CASE

株式会社QUICK

“1on1”で個別にフィードバック 次世代リーダー層に新たな視座を

期待されているリーダーとしてどういう視点を持つべきか

ひとづくり本部 副本部長

島 睦

“筋トレ”みたいな感じで頭をすごく使いました

リサーチ本部 資産運用研究所 エキスパート 企画研究部 研究員

石井 輝尚

時々刻々と変動する金融情報を的確かつ迅速に提供する「QUICK」。同社の次世代リーダー候補に対し、論理的思考力や課題解決力の向上を図る研修が実施された。受講者の声も交え、研修の意義や収穫を振り返る。

長期経営ビジョン具現化へ 次世代リーダー育成を推進

FMHR 堀井 初めに御社の事業概要と、研修を実施するに至った背景について教えていただけますか。

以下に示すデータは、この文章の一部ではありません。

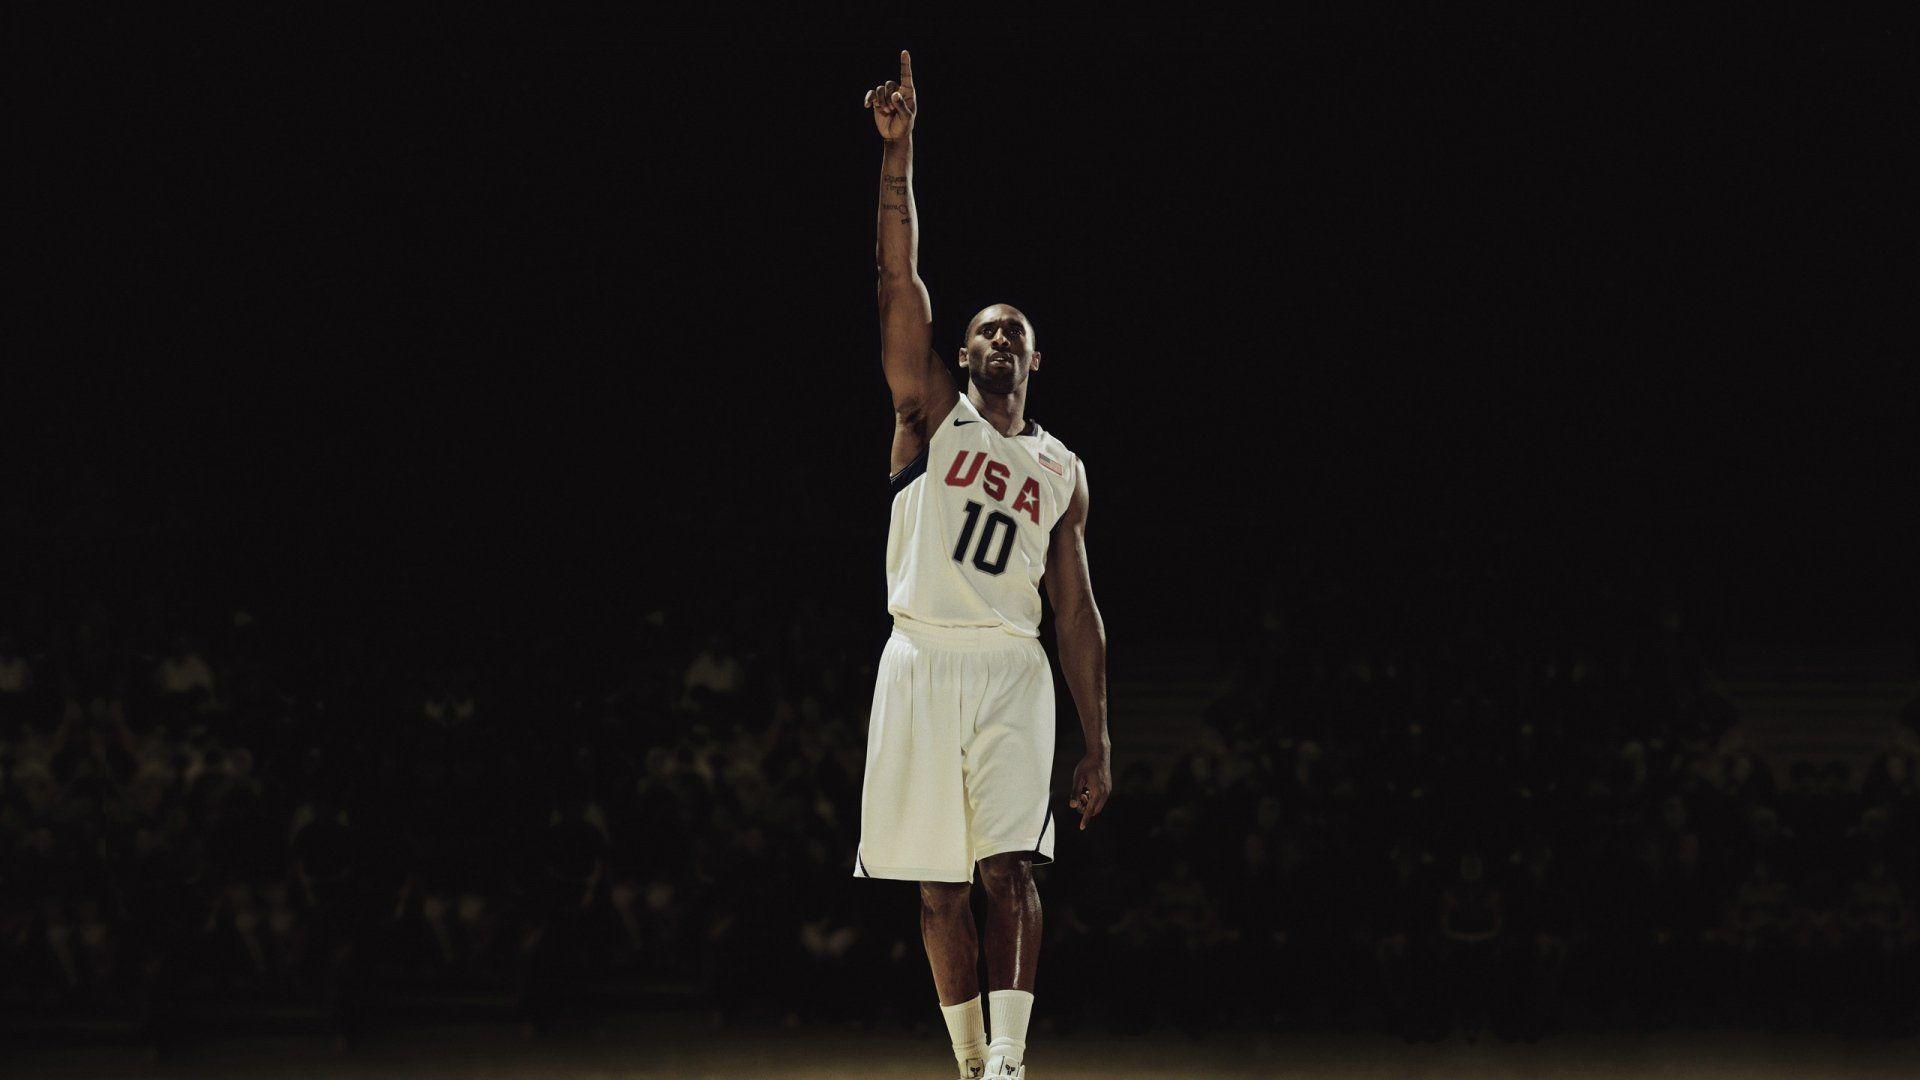 Kobe Bryant Wallpapers Hd Resolution Desktop Wallpaper Box Kobe Bryant Wallpaper Kobe Bryant Kobe
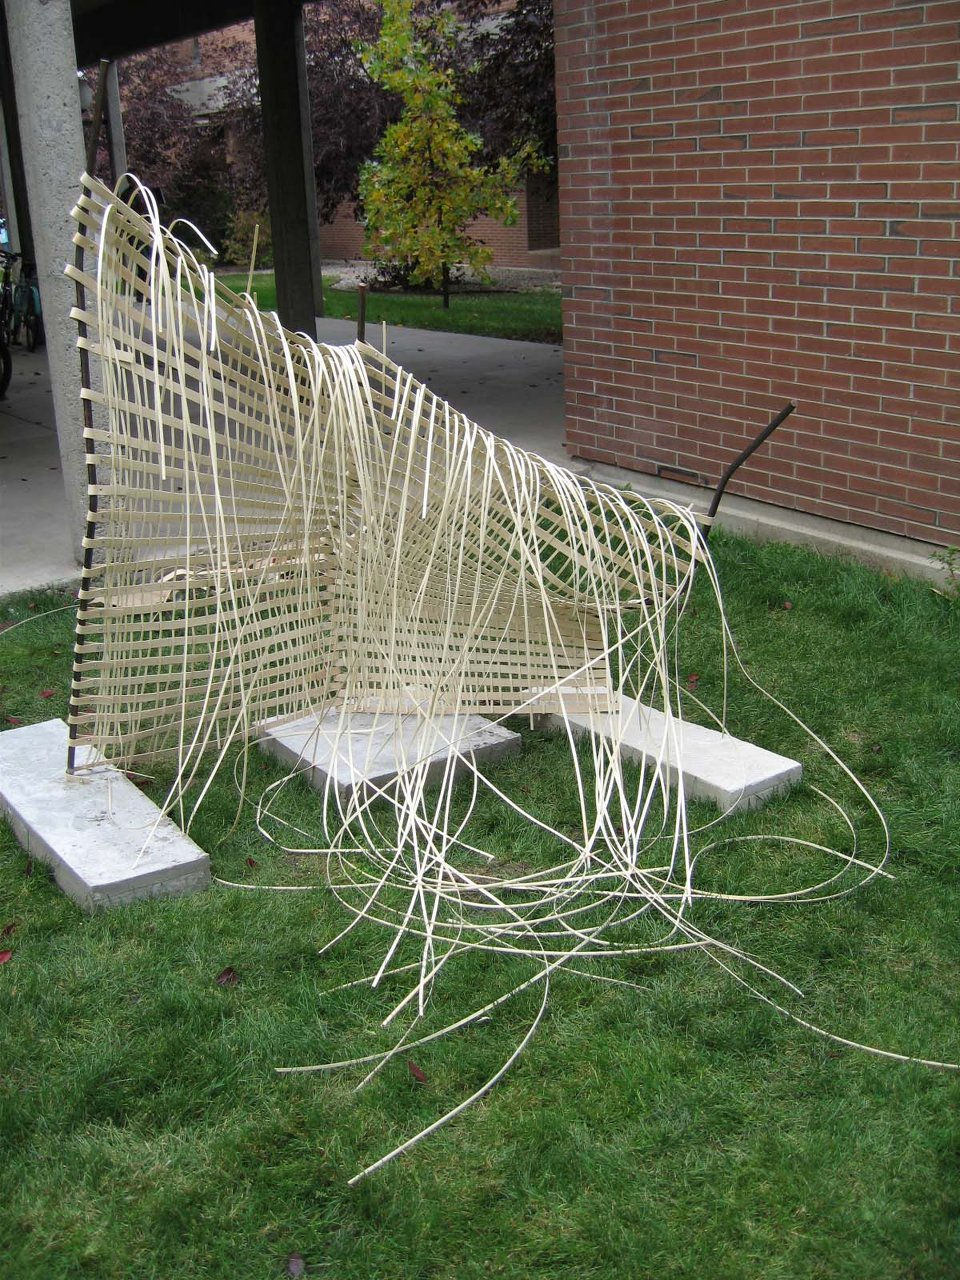 The Weaving Process

弊社は日経グループの一員で、株式や為替等にまつわる情報を、金融資本市場に関わる法人や個人に対して意思決定のツールとして提供しています。いかに付加価値をつけた情報提供をするかが、重要なミッションですね。2018年末に長期経営ビジョンを策定し、企業として進化するための施策を実行していくことになりました。そのうえで、自律的にビジネスを推進するリーダーの育成が必要と考え、研修を企画したんです。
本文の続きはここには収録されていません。